### [Work order]
Below are the entries. Print only the lines starting at the one with "Светильник Ilumia Хром" and ending at the one with "Seder Pesach v Holostrevech 2019", exactly, with no pictures.

----- Records provided -----

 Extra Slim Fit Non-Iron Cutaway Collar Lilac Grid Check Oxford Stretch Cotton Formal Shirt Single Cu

-----
----- Records provided -----

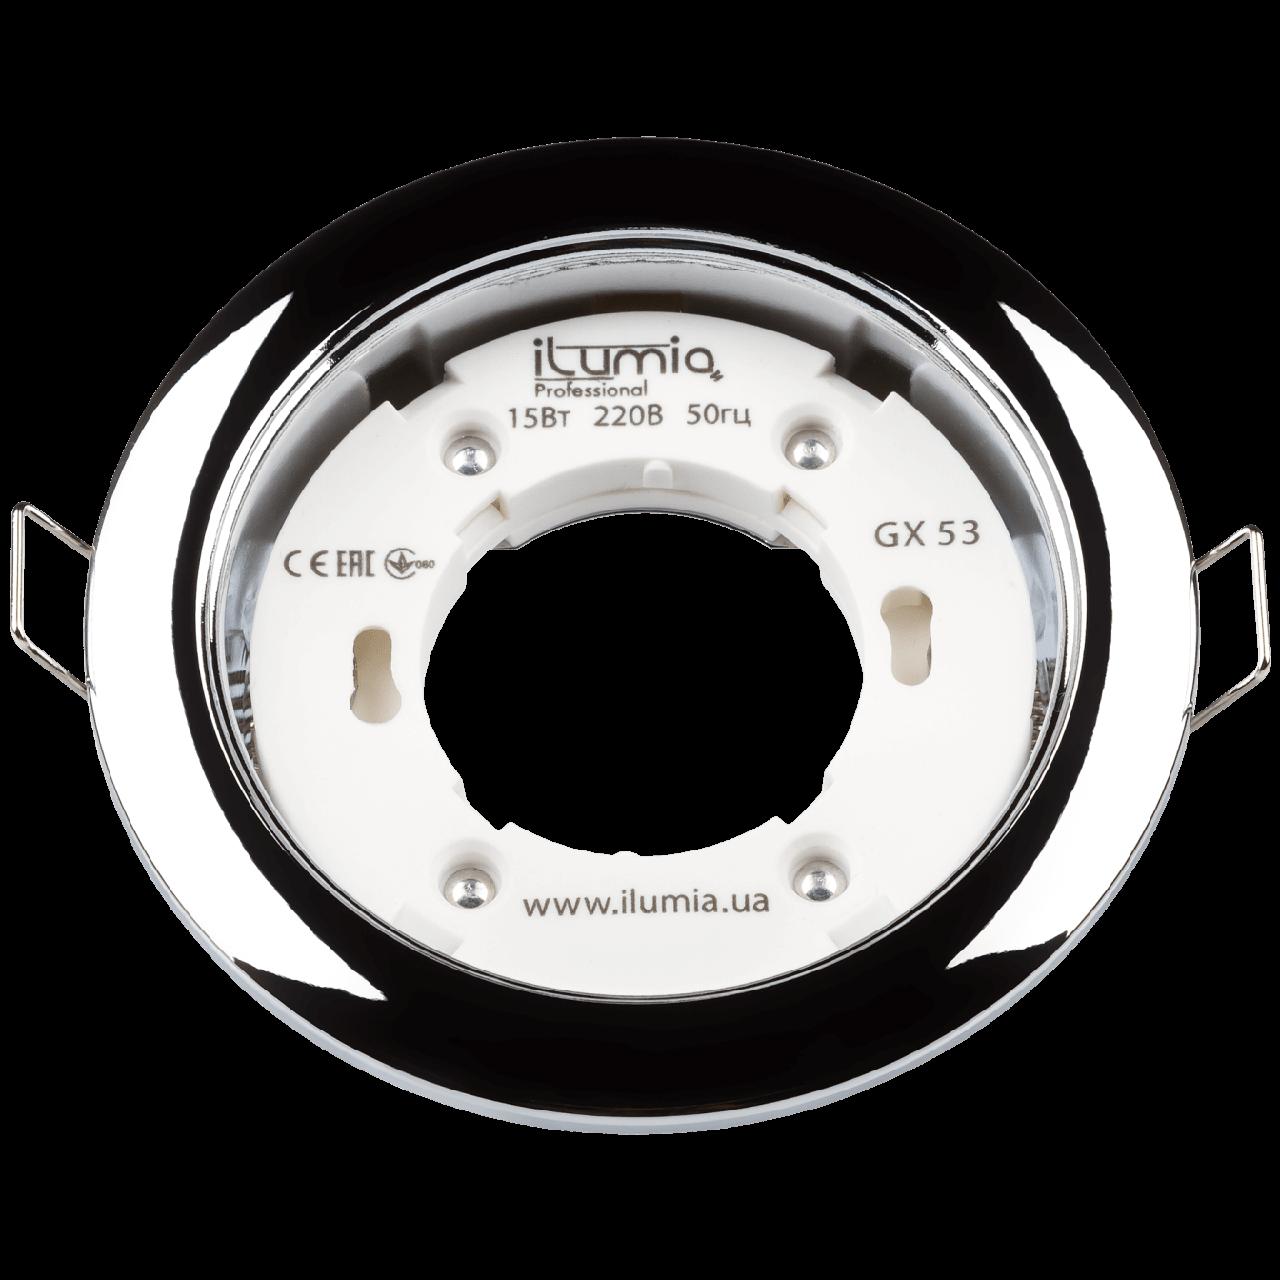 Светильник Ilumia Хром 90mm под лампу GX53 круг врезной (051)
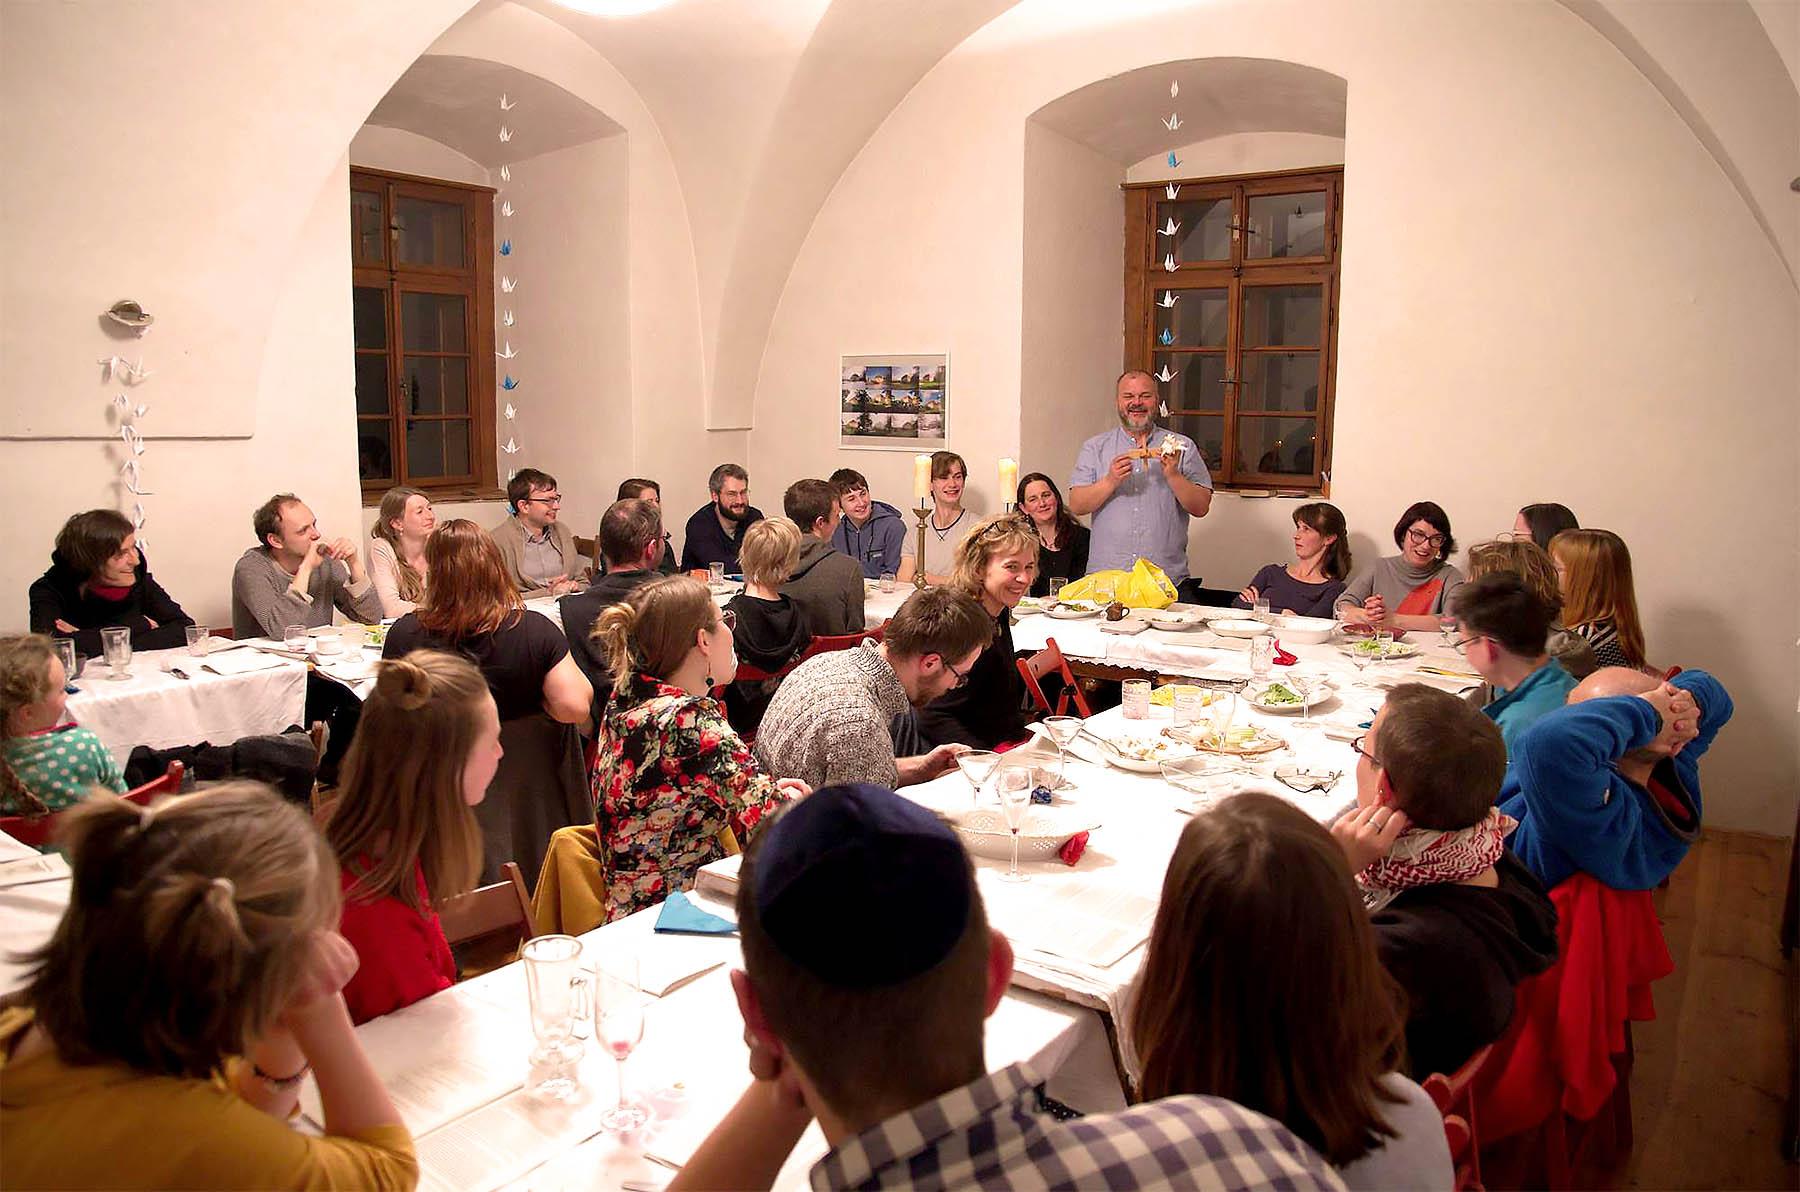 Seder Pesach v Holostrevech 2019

-----

### [Your solution]
 Светильник Ilumia Хром 90mm под лампу GX53 круг врезной (051)
 Seder Pesach v Holostrevech 2019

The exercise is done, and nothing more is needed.